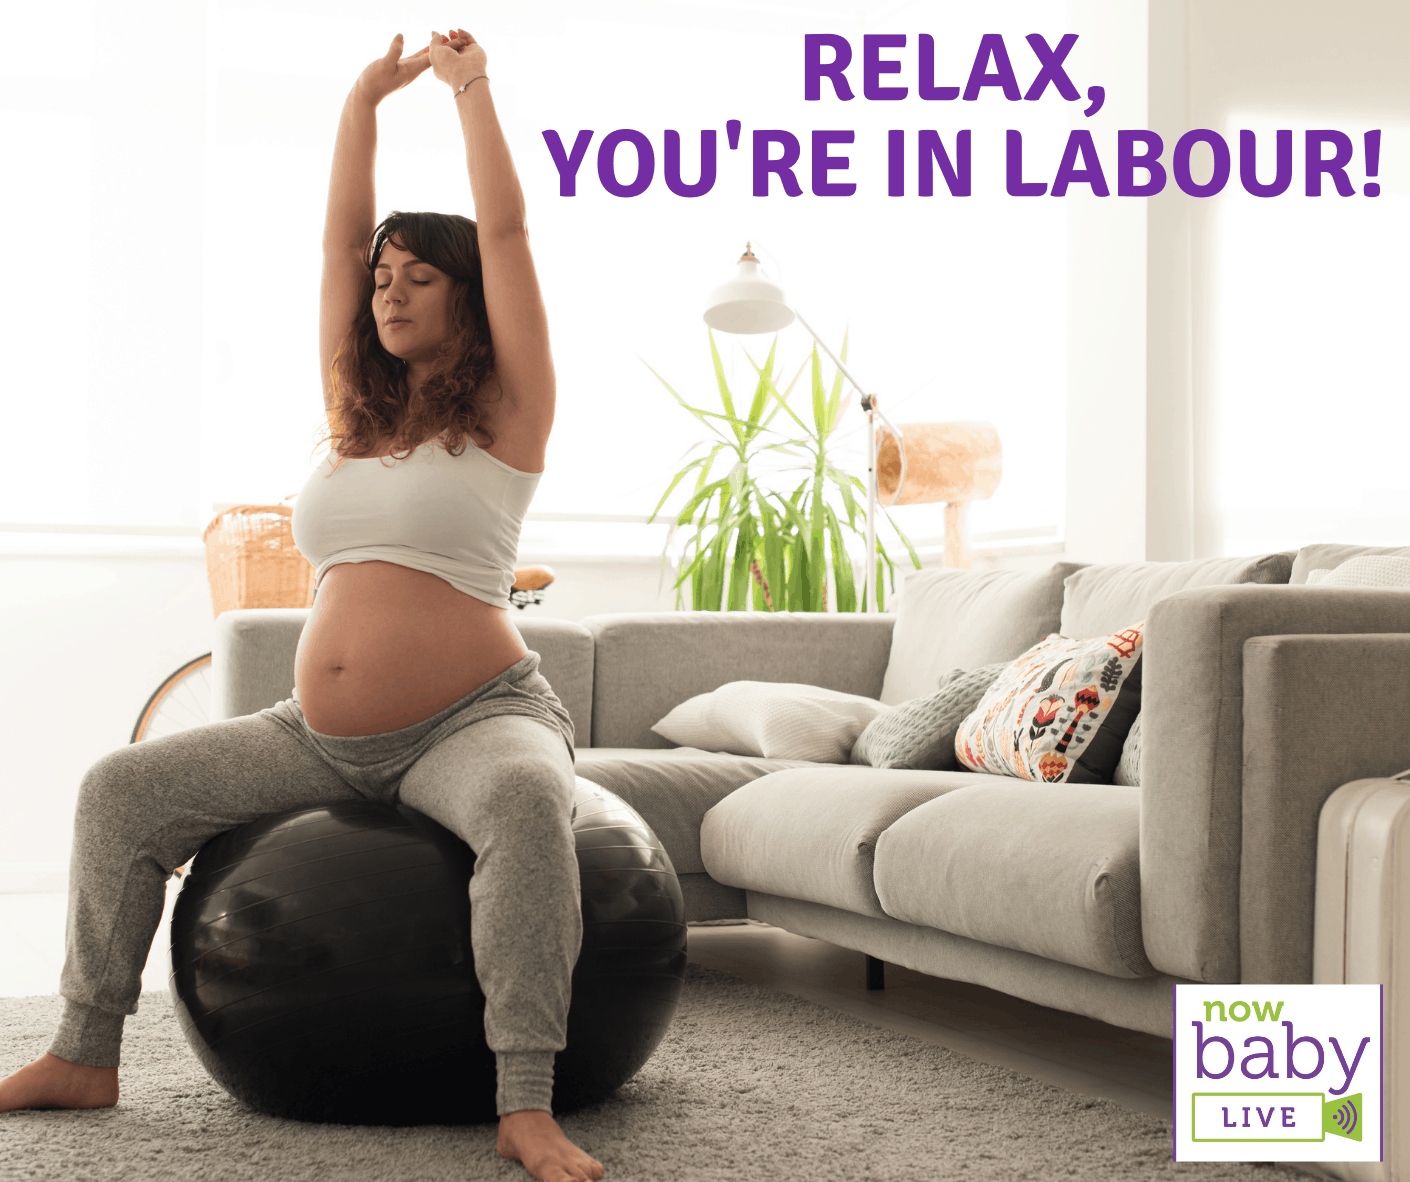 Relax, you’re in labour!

+ + + + +

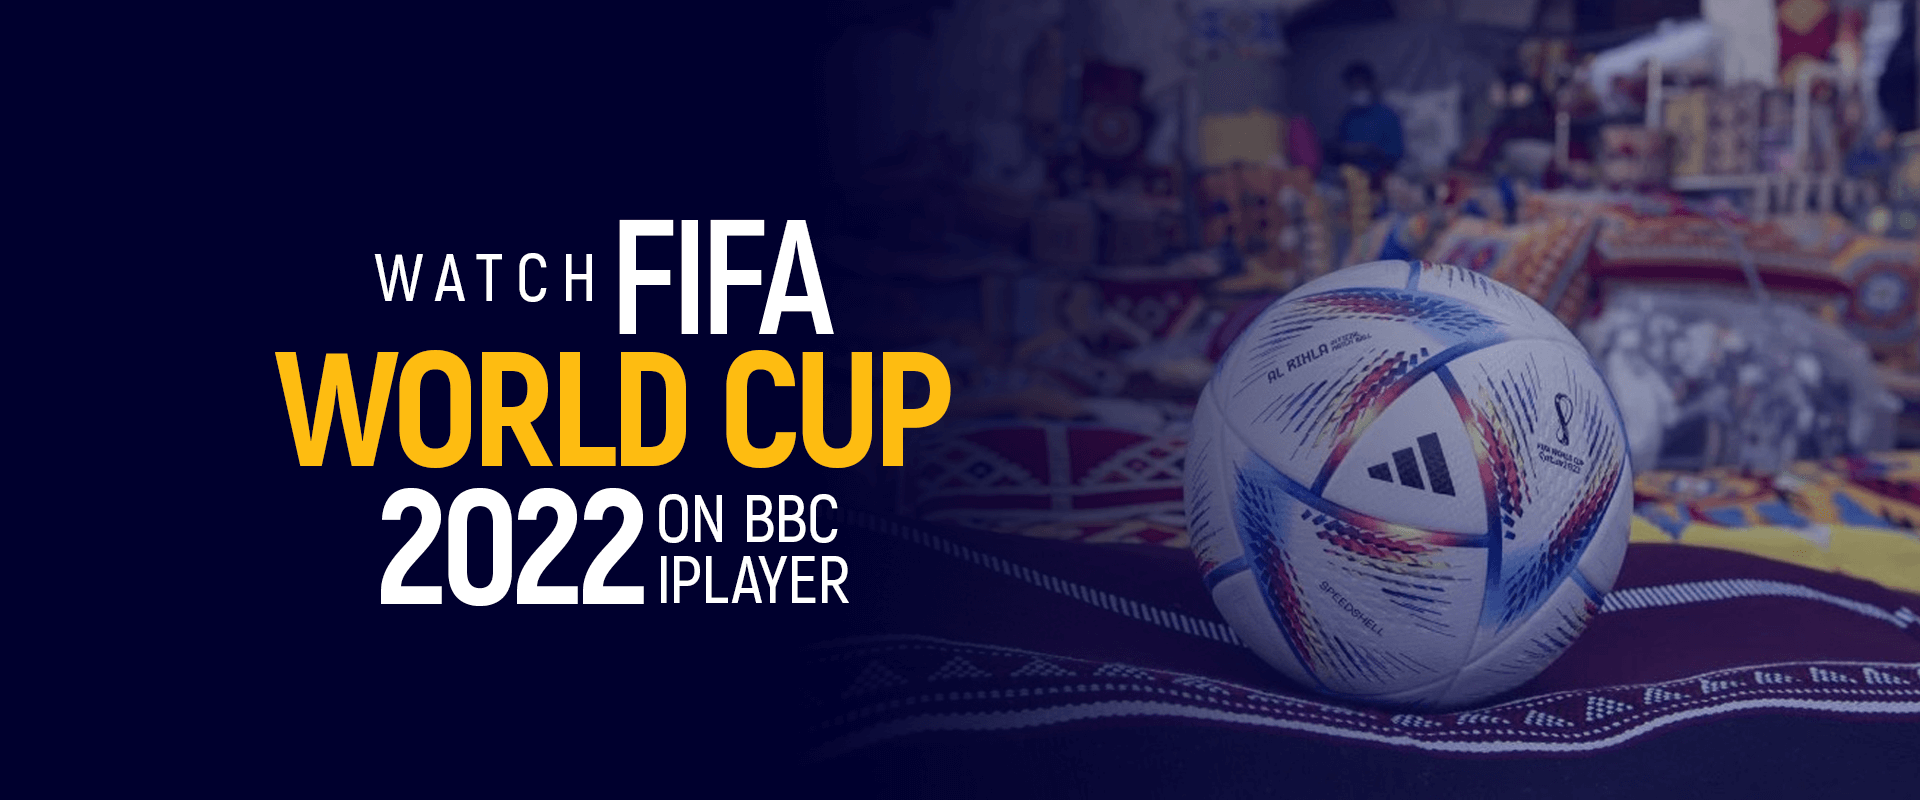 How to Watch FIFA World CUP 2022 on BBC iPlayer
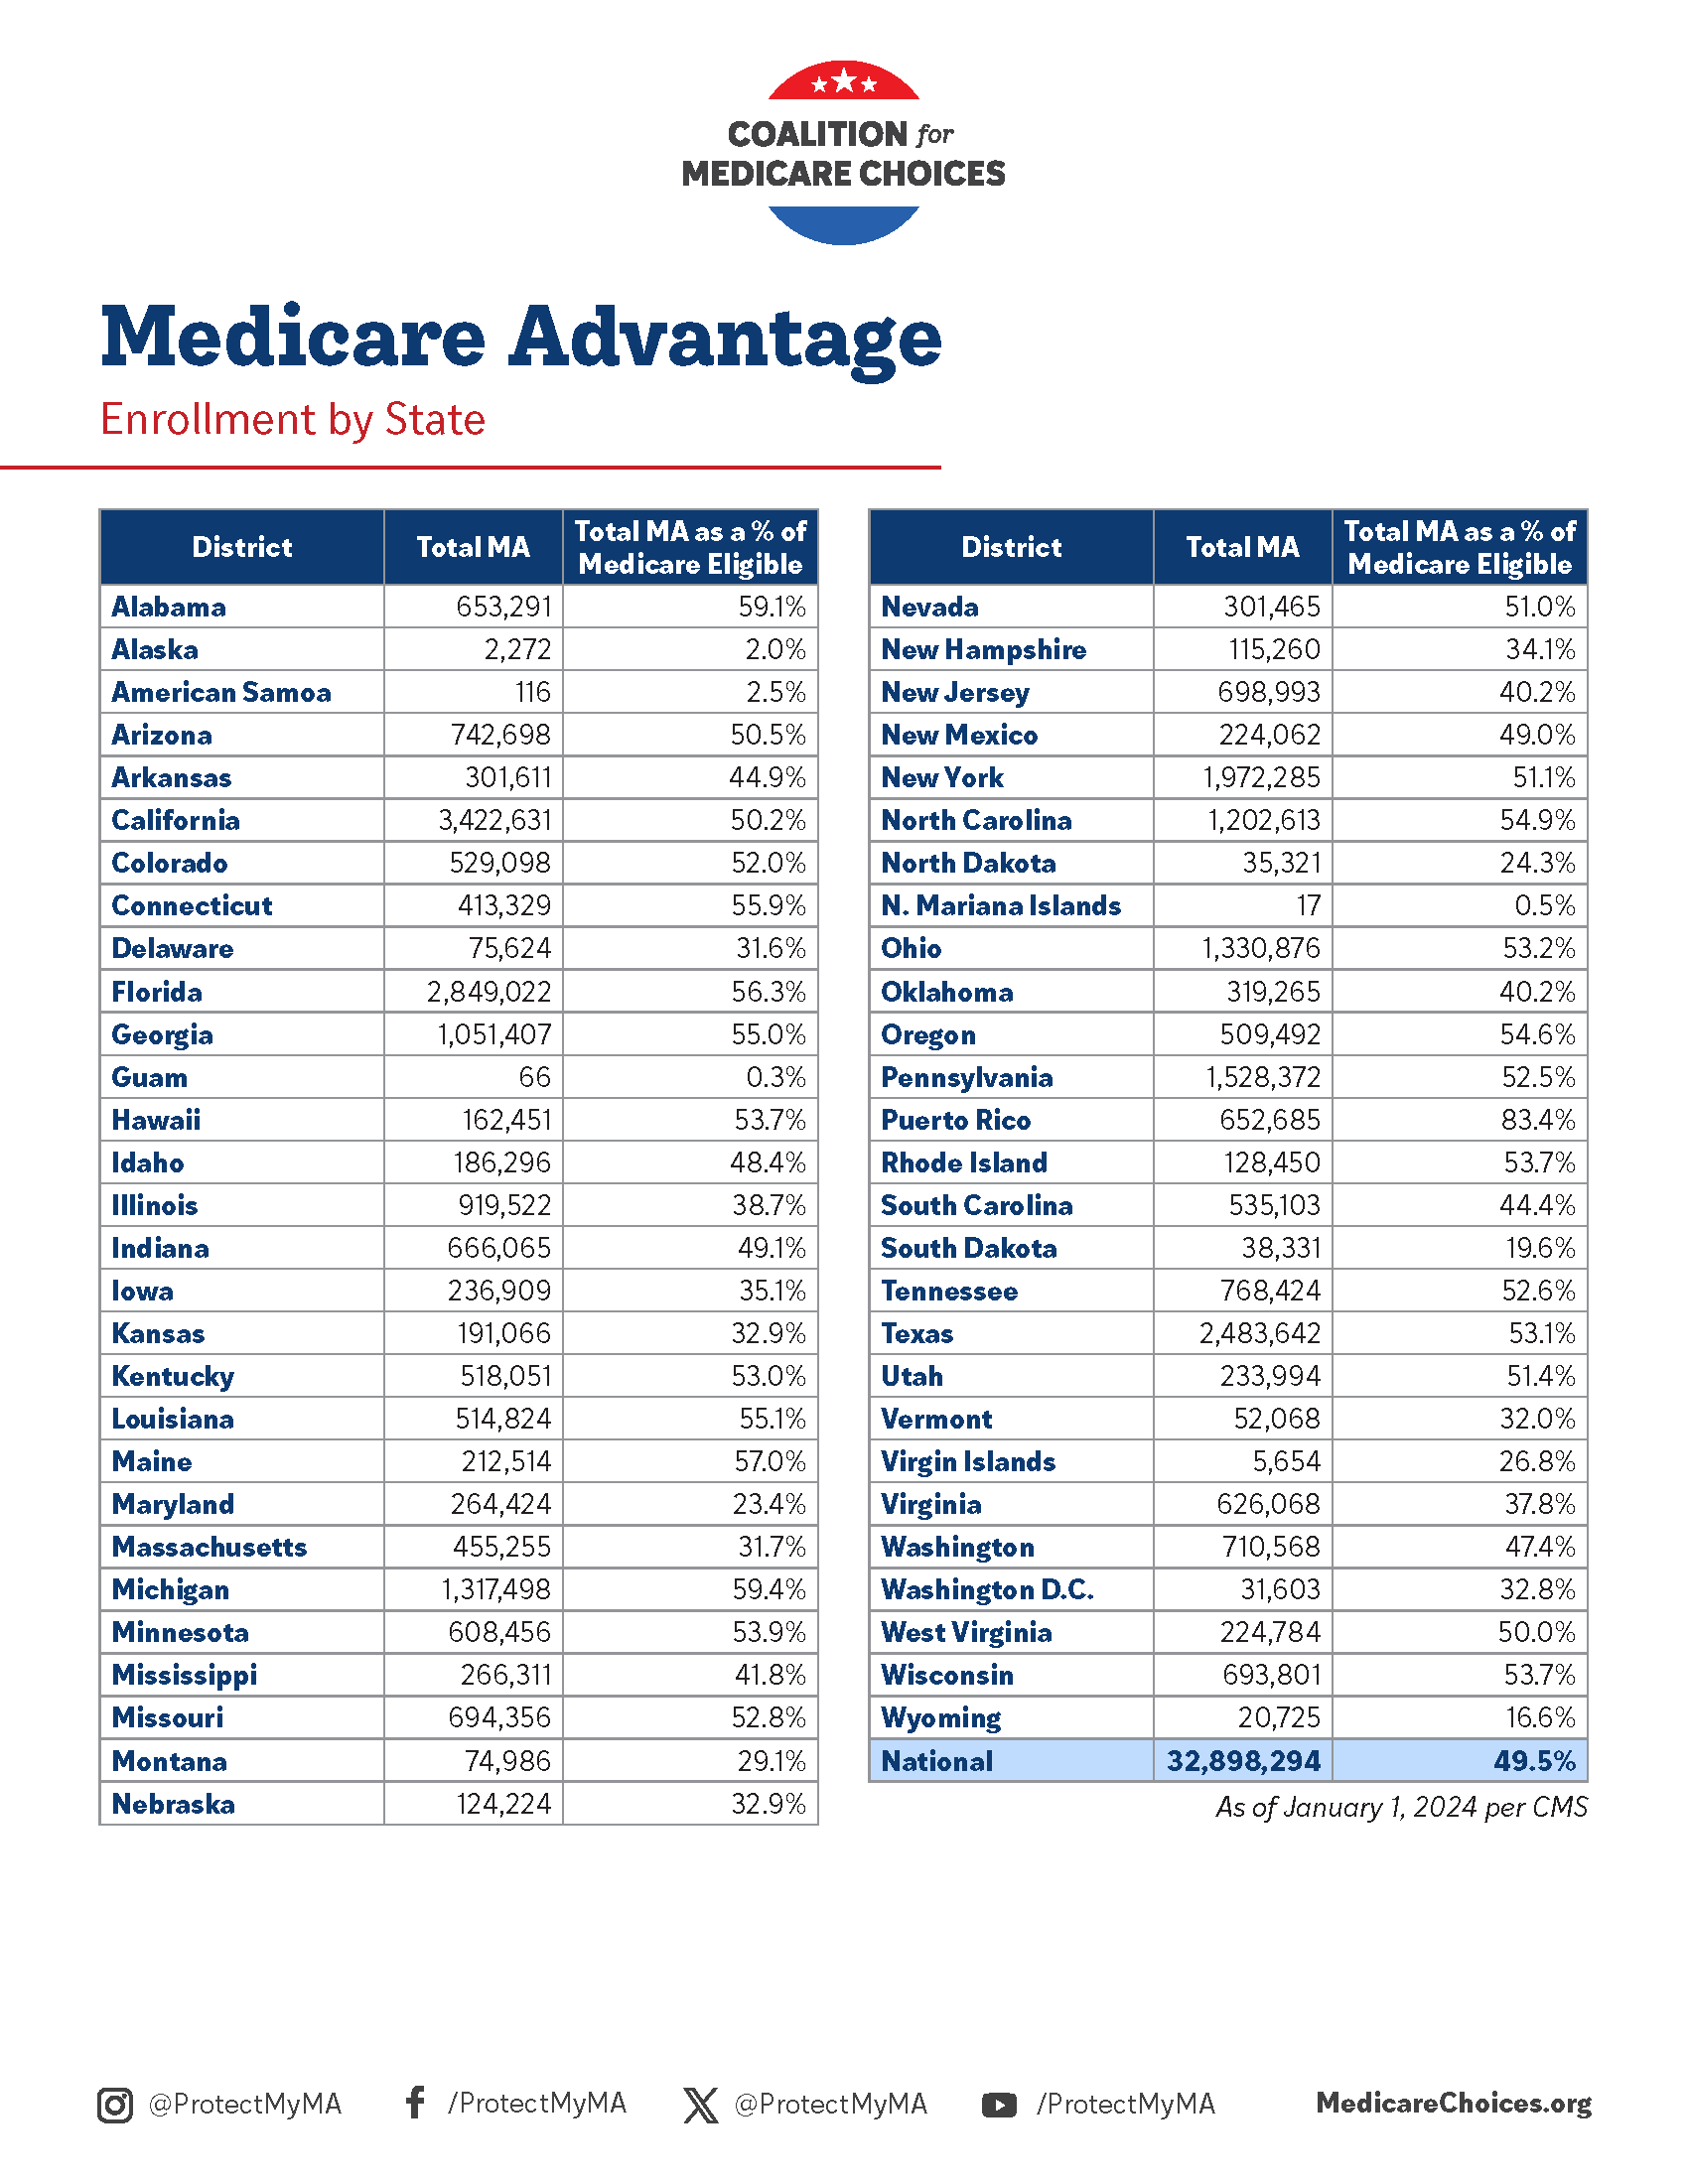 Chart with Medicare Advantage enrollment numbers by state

+ + + + +

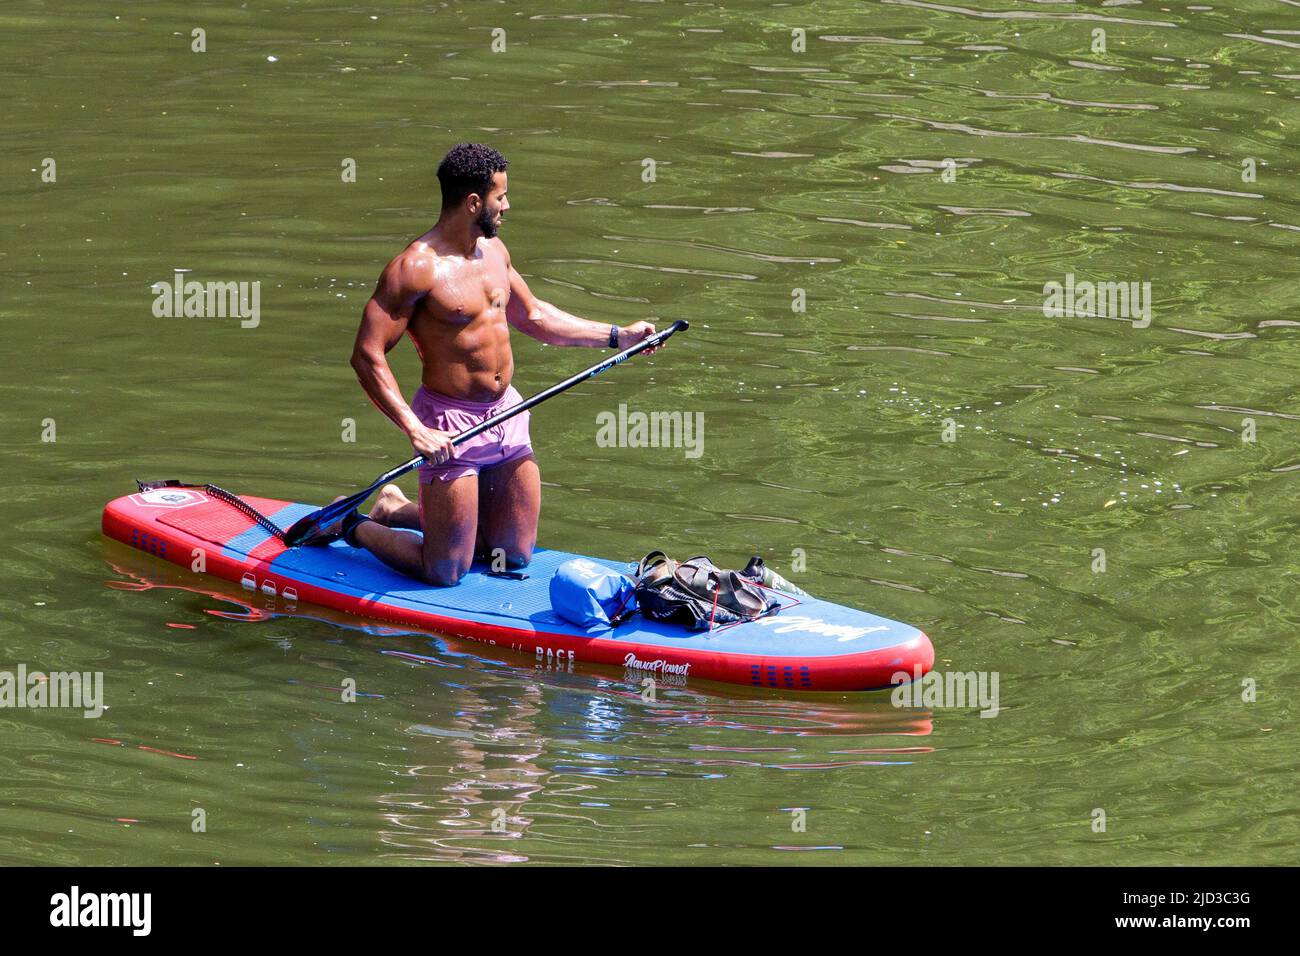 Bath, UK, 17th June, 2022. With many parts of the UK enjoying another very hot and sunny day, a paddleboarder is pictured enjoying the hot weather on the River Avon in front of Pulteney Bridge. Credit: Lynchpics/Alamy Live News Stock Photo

+ + + + +

Using the data above, transcribe exactly the lines between those containing "How to Watch" and "Chart with Medicare", inclusive, and leave every picture behind.

 How to Watch FIFA World CUP 2022 on BBC iPlayer
 Chart with Medicare Advantage enrollment numbers by state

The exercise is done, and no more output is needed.